月に囚われた男 置かれた状況を象徴しているビジュアル

ほぼ一人しか登場しないが、まったくそれを感じさせない

この「月に囚われた男」を監督したダンカン・ジョーンズは、ヴィジュアル系音楽の先駆けとなった、あのデビット・ボウイの息子だそうである。しかし、そんなことはどうでもいいぐらい、この映画は良く出来ていた。

ダンカン・ジョーンズ監督は、ボウイの息子という七光り的要素は、なんら必要はない才能の持ち主のようだ。

個人的には、この映画の情報をまったく持っていなかった。たまたまレンタルショップで見かけて借りてみたのである。だから、2010年に日本公開されていたのも知らなかった。たぶん、あまりヒットはしなかったのだろう。

傑作と書いたが、それは個人的見解であり、大ヒットする映画とはいえない。地味ではあるが、その革新的な手法が注目に値すると感じた次第である。

どこが革新的かといえば、なんと映画の全編を通してほぼ一人の主人公しか出てこない。主人公を演じたサム・ロックウェルという役者の演技力も素晴らしいが、それ以上にこのような演出を選択し、それを見事に映像化した監督の才能、力量が素晴らしいと思う次第である。

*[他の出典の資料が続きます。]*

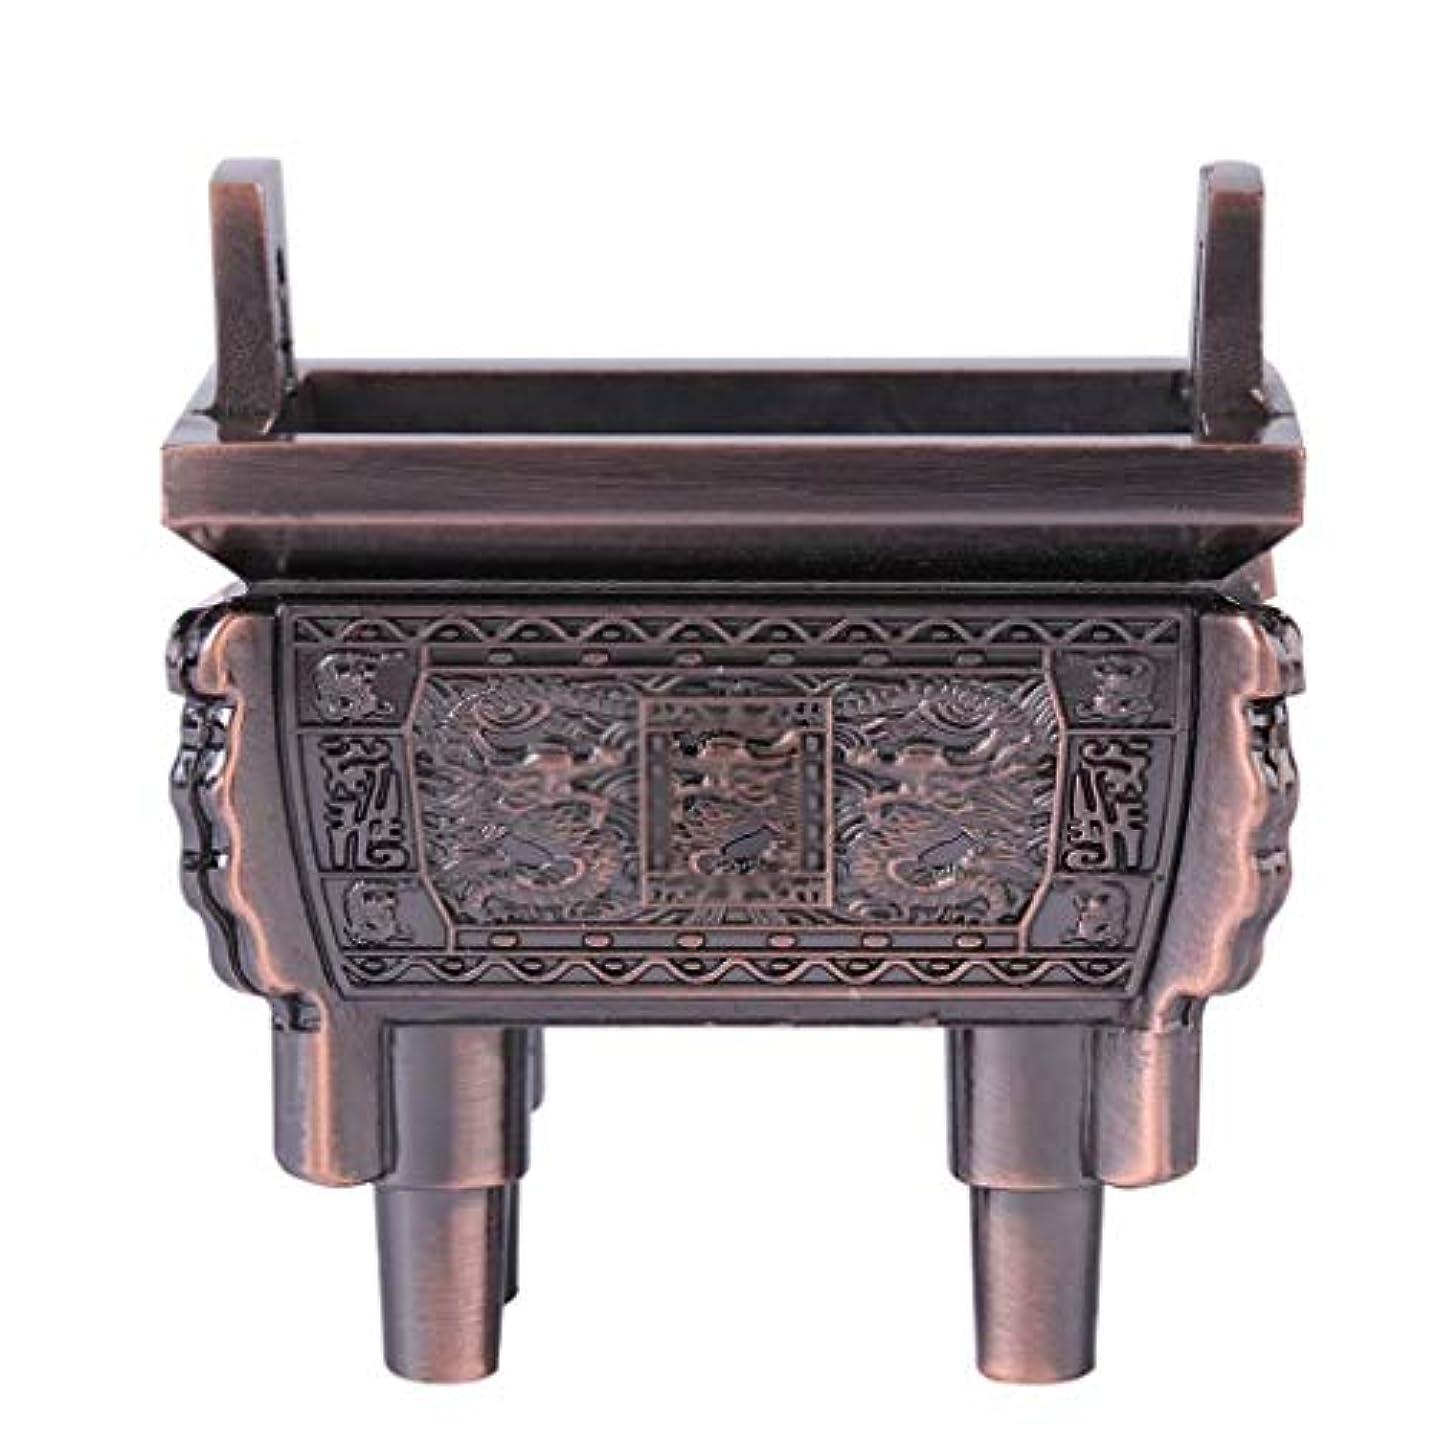 地震ペンフレンド核ホームアロマバーナー 総本店のホテルの喫茶店の使用のための小型多機能香の棒のバーナーのホールダーのセンサー 芳香器アロマバーナー (Color : Brass)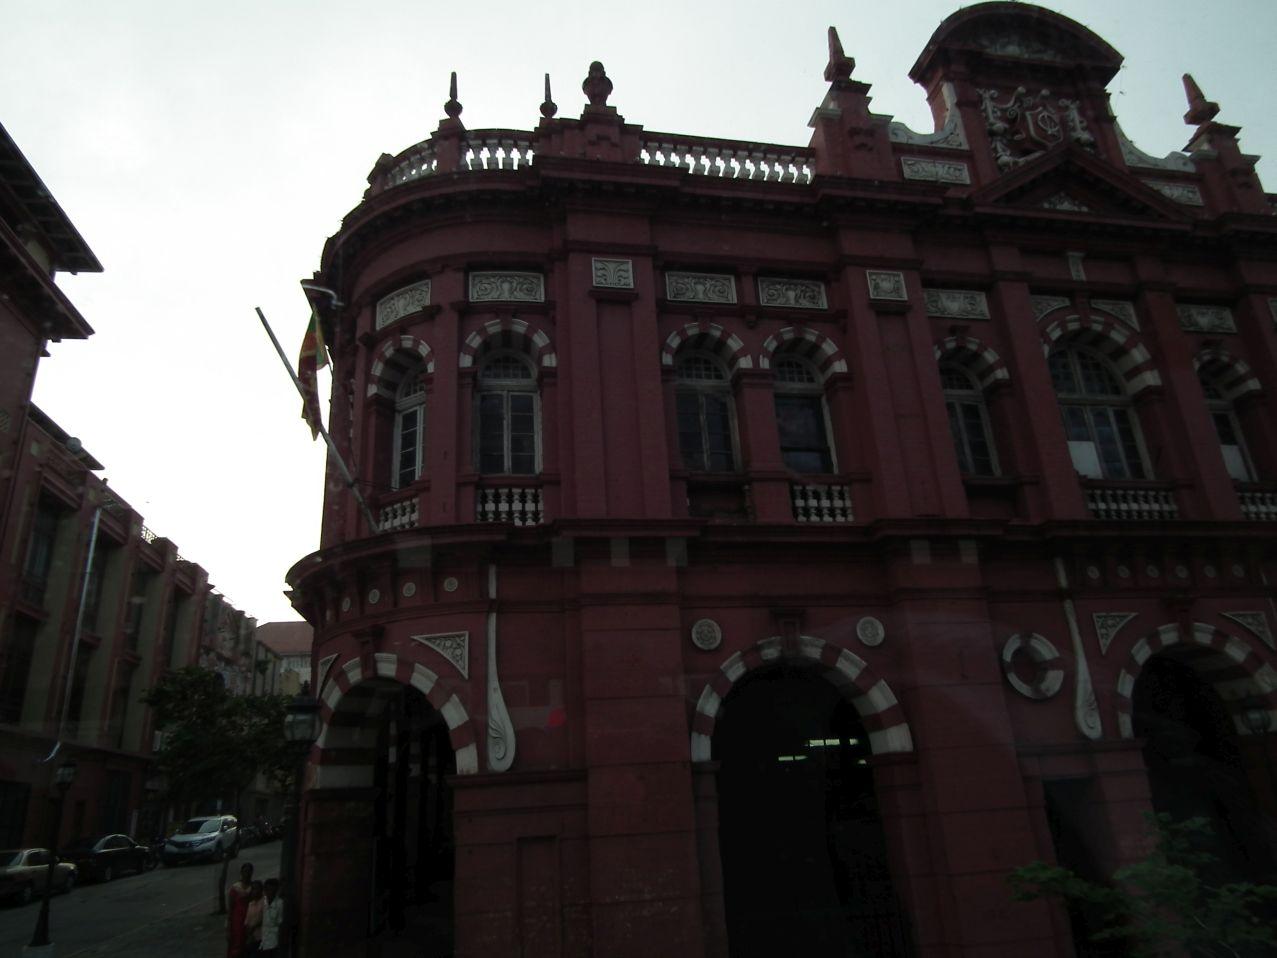 Angielska kolonialna zabudowa w centrum Kolombo

個人的には、映画全編を通してなんら不自然な感じを抱く事なく見終わった。そして、見終わった後に、あれ、言われてみれば一人しか出ってなかったな、と気付くのであった。

映画の設定は、月にあるエネルギー資源の採掘基地に従事する、たったひとりの作業員に起こる不可解な出来事を描いたものである。したがって、登場人物が一人しか出てこなくても、なんら不思議ではない。たぶん予算の問題もあったかもしれない。

ちなみに、製作費は500万ドル以下だったそうだ。日本映画でも、それぐらいの予算で作られる映画は多いと思うが、何故か陳腐な印象しかない。

それに比較して、この「月に囚われた男」に感じる印象は、深く静かに心に浸透してくるようである。それは映像表現に豊かな感性が注がれた結果ではないかと想像する。僅かな予算でも、考え抜けばここまで出来ると云う見本のような映画である。

日本の監督にも見習ってほしいと思う次第である。少し具体的にいうと、日本の映画には余分なシーンが多いと感じている。観客は、感動や涙を求めていると勘違いしている、としか思えないシーンがやたらと目立つのである。

ところが、この映画ではそのような場面を実にあっさりと撮っている。例えば、主人公が過去を回想するシーンなどである。日本映画ならきっとくどいほど感動的にお涙ちょうだいとばかりに撮るだろう。

しかし、この映画では主題と関係ない部分は思い切り良く見切って、どんどん結末に向かっていく。これは観ていて気持ちがいいし、また時間がとても短く思えた。

ダンカン・ジョーンズ監督の次回作にも期待したいと思う次第である。

なお、「月に囚われた男」はSF映画です。しかし、SF映画が苦手な人にも御薦めしたいと思います。何故かといえば、宇宙空間でのドンパチはまったくありません。

また、SF特有の背景のくどい説明もありません。ただひたすらに月にひとり置かれた状況を描いています。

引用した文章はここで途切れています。